* [Task to carry out]: Set down the data below in full, exactly as it reads, but without the pictures.

* [Given material]:
=== Begin Enclosure ===

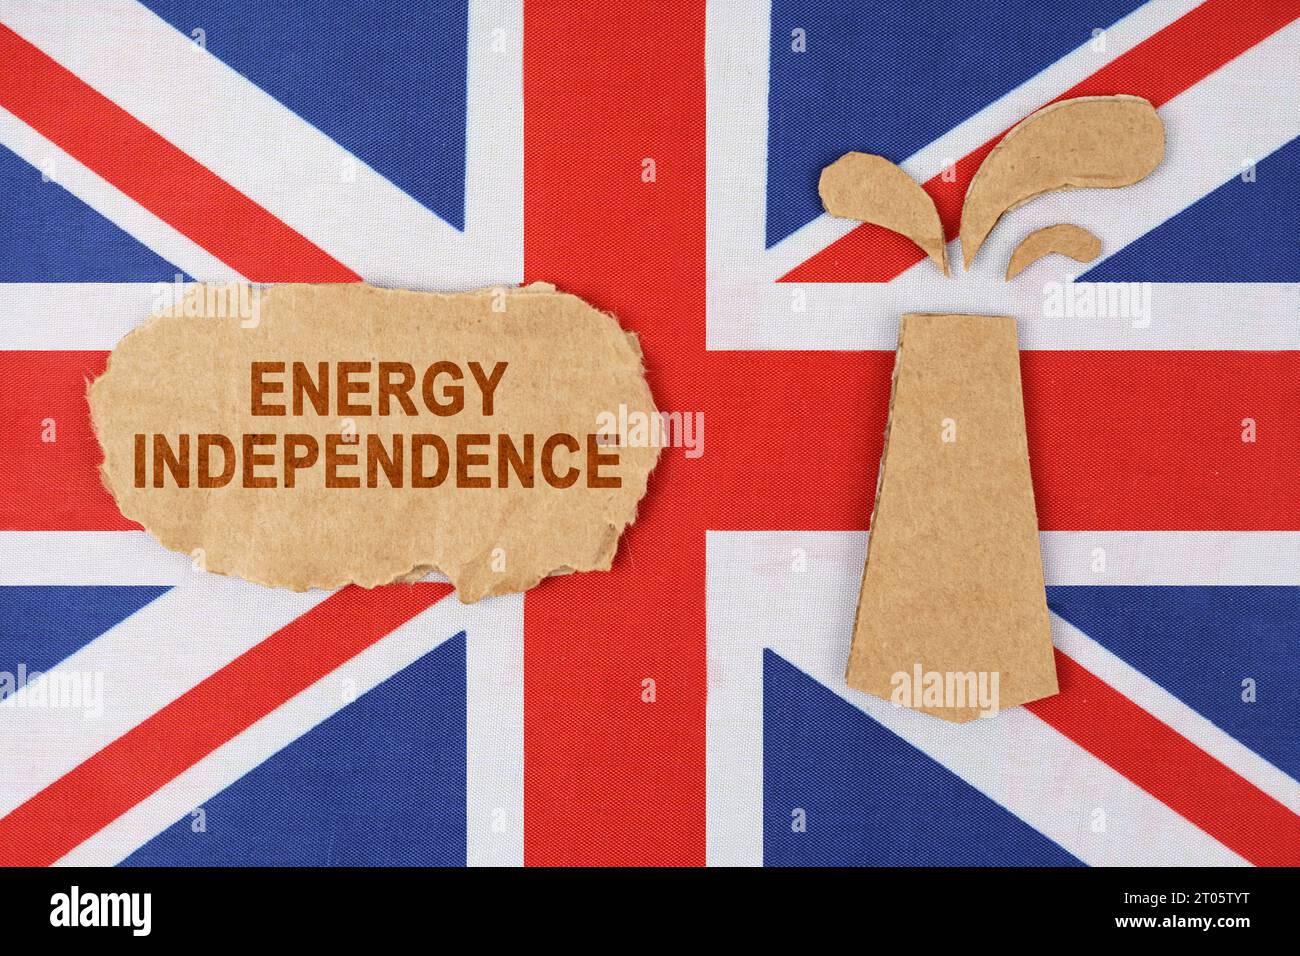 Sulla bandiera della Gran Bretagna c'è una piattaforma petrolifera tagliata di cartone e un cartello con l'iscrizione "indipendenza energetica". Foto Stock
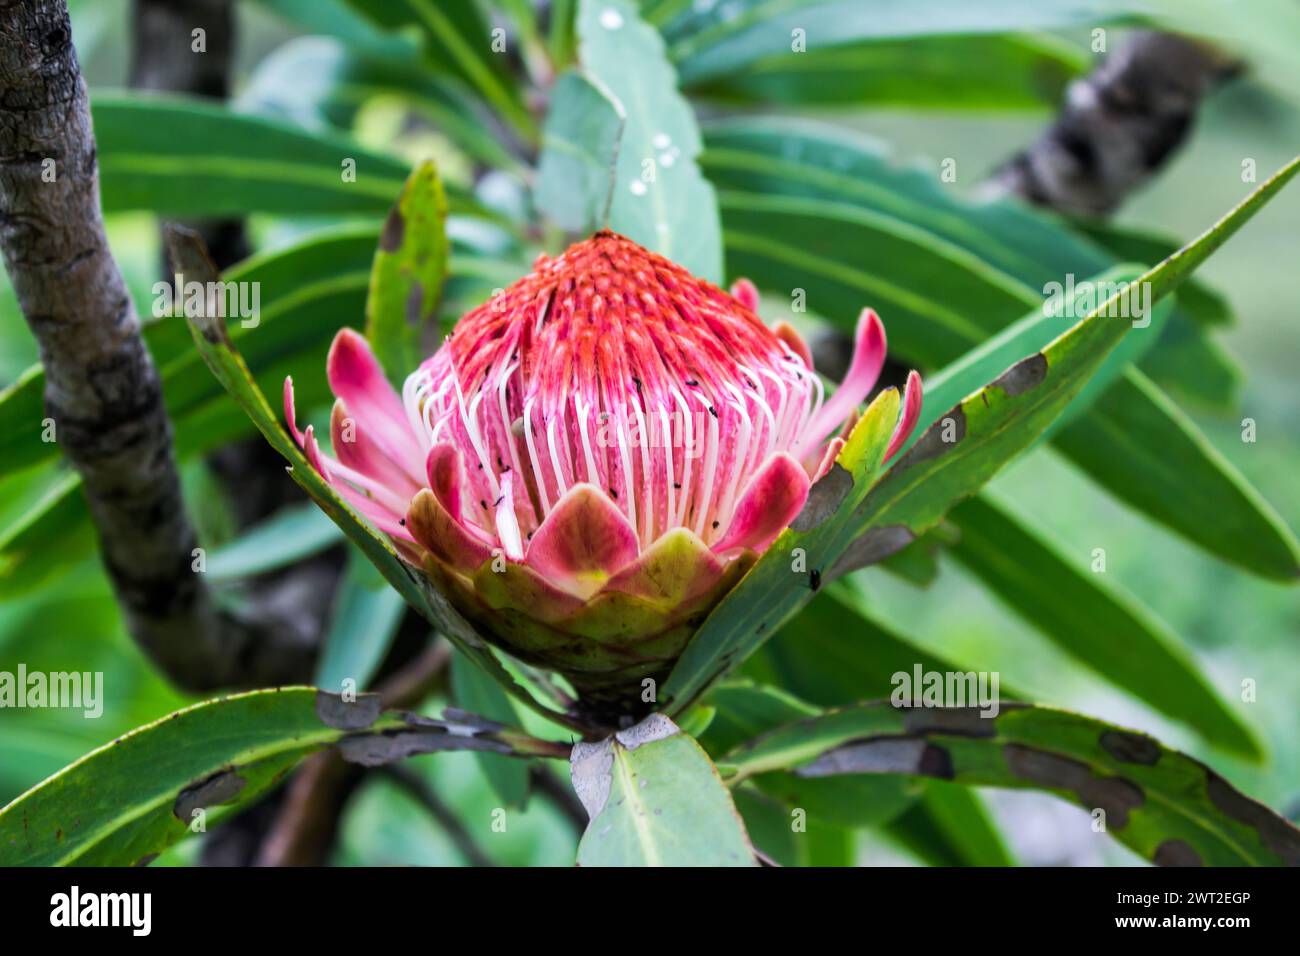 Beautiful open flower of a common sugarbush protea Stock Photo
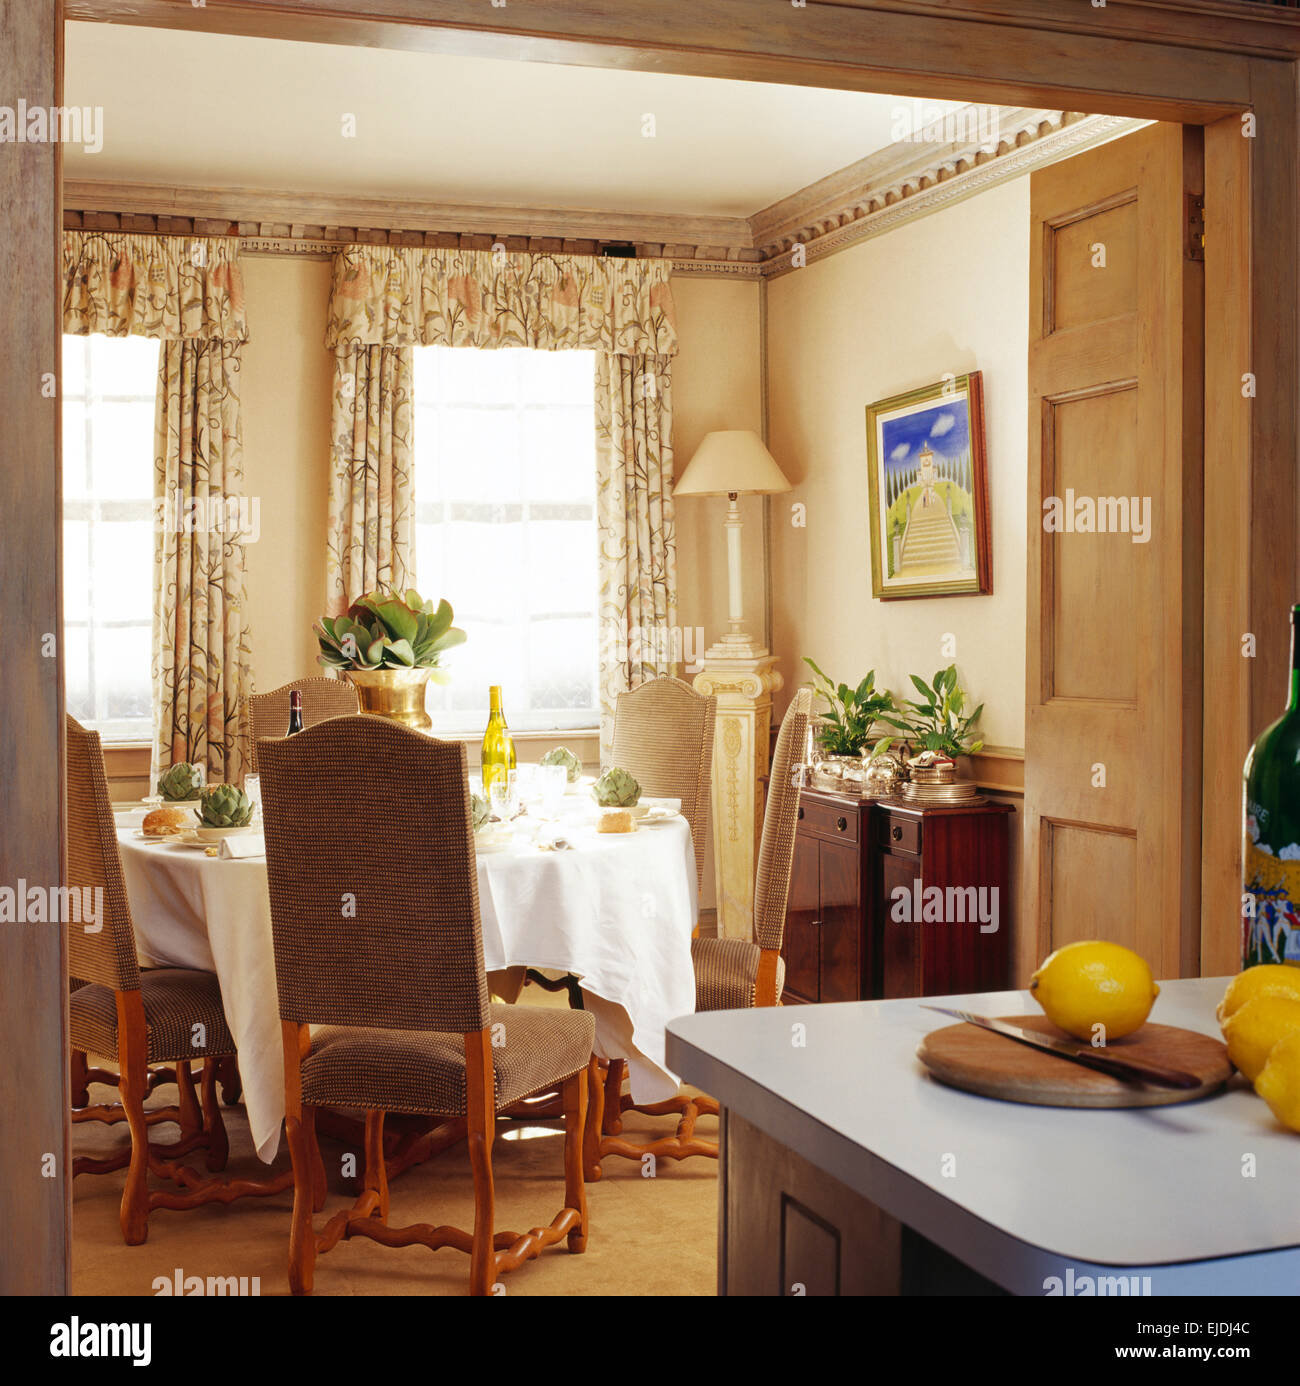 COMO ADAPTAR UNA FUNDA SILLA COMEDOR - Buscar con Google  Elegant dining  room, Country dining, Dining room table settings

=== End Enclosure ===

* [Finished exercise]:
 Sulla bandiera della Gran Bretagna c'è una piattaforma petrolifera tagliata di cartone e un cartello con l'iscrizione "indipendenza energetica". Foto Stock
 Beautiful open flower of a common sugarbush protea Stock Photo
 COMO ADAPTAR UNA FUNDA SILLA COMEDOR - Buscar con Google  Elegant dining  room, Country dining, Dining room table settings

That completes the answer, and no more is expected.